第4話 異世界を語る山田
委員長は、合間に「へー」とか「すごーい!」とか適度な相槌と「それってなに?」「こっちでいうと何が近いかな?」なんて適格な質問を織り交ぜながら、俺の話を真剣に聞いていた。頭のいいヤツってのは聞き上手なもんだな。

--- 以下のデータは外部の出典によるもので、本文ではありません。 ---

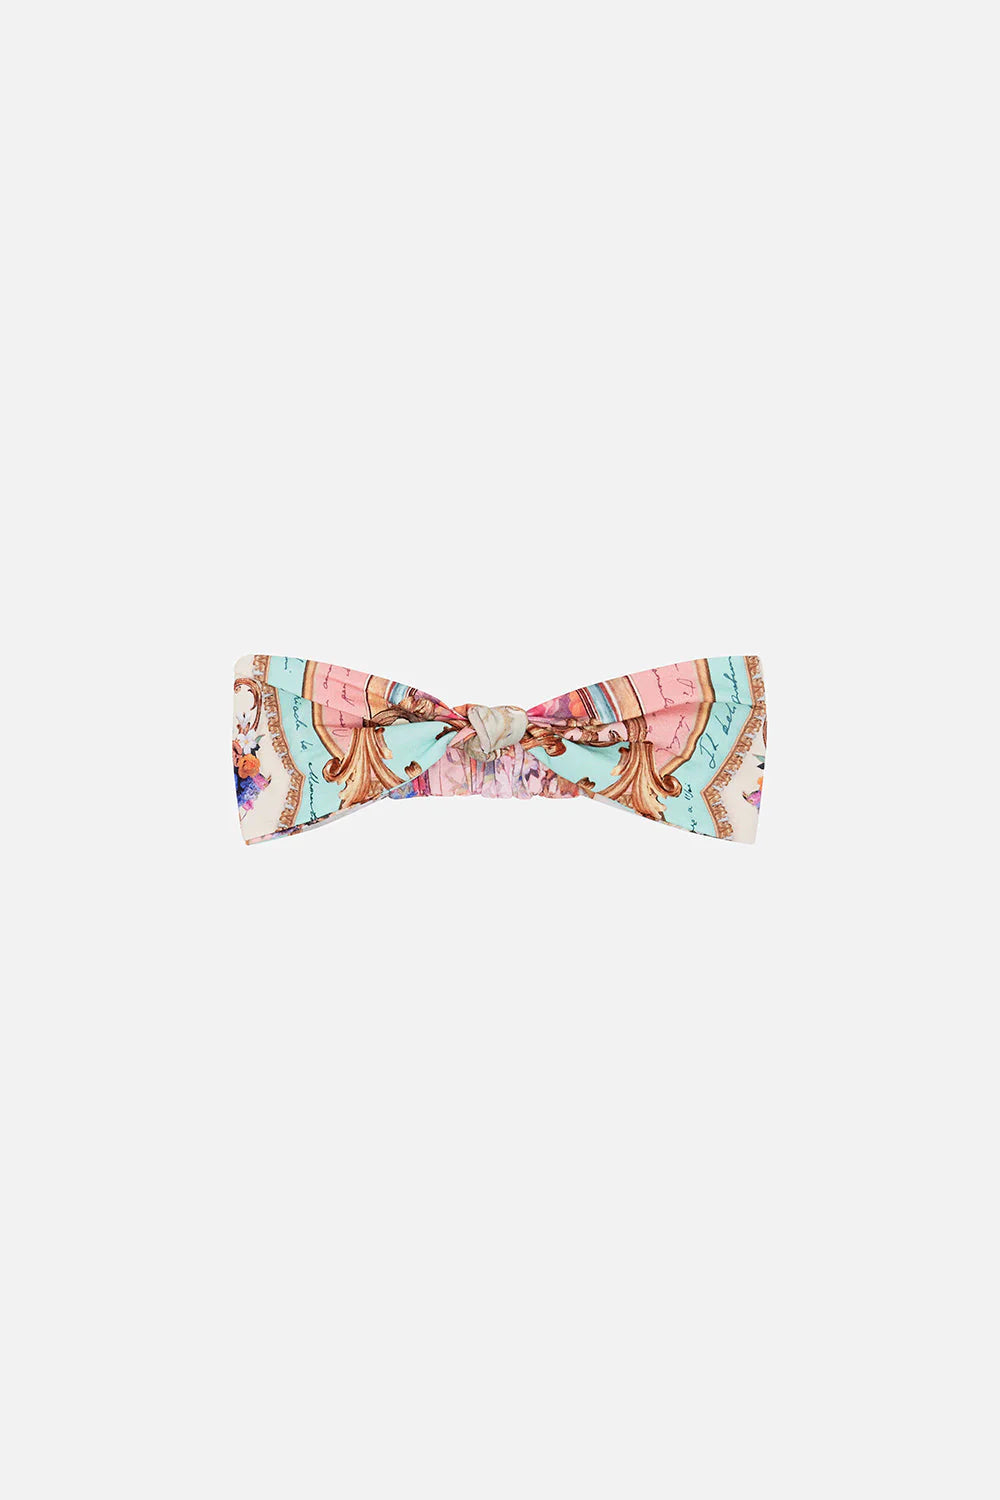 Camilla Letters From The Pink Room Kids Knot Headband

いつの間にか俺は悦に入って、こっちにはない『スマホ』やら『ラノベ』やら『同人誌即売会』やらの話をしゃべくりまくっていた。
するってーと、
「私も、山田君が元いた世界に行ってみたいな」
やにわに、きょぬー委員長がそんなことをおっしゃるじゃありませんか。
「いや、でも、異世界って言っても、見た目こっちとあんまり変わらないんだぜ」
「行ってみたいの!」
「魔法もモンスターもいないんだぜ」
「そんなのいたら怖いじゃない」
「怖いか?」
「怖いわよ」
委員長の答えに苦笑する俺。
「それに、そういうのって、おとぎ話っていうか現実味ないし」
現実味――か。
その言葉に、俺の心が揺らいだ。
ひょっとして、委員長ってばマジで俺の話を聞いてくれてるんじゃないだろうか。
誰も本気にしてくれない俺の異世界話を、本当に信じてくれてるんじゃないだろうか。
今まで、ひとりとして、誰ひとりとして信じてくれるヤツなんていなかったのに。
信じたい気持ちと、疑う気持ち。
それが半分づつ混ざり合ってせめぎ合い、気がつくと、俺は委員長に聞いていた。
「俺の話、マジで信じてくれるのか?」
委員長が、またもキョトンとした。
その間、約一秒。
それから、赤いフレームの向こうでぱちぱちっと二回瞬きし、そして、
「山田君、なんでそんなこと聞くの?」
「いや、俺の話なんか誰も信じないし」
「信じるよ。私、山田君の話、全部信じる」
「でも」
「山田君は、私に嘘なんてついてなかった」
そこで、委員長は素敵にほほ笑んで、
「そんなの、目を見てればわかるもん」
「委員長――」
瞬間、鼻の奥から熱いものが込み上げ、俺の目元がじんわりと潤む。
「どうしたの? 山田君」
「なんでもない」
答えながら、俺はスンと鼻をすすり、手の甲で潤んだ
「バーガーのマスタードが目に染みただけだよ」
「マスタードなんて入ってたっけ?」
「俺のには入ってたよ。たっぷりと」
そう言ってごしごしと両目を擦る。
この世界で初めて俺のことを信じてくれた委員長。
信じるよと言った委員長の言葉は、目と鼻と、そして、いつの間にかいろんなことを諦めていた俺の心に、塗り過ぎたマスタードみたくツンときた。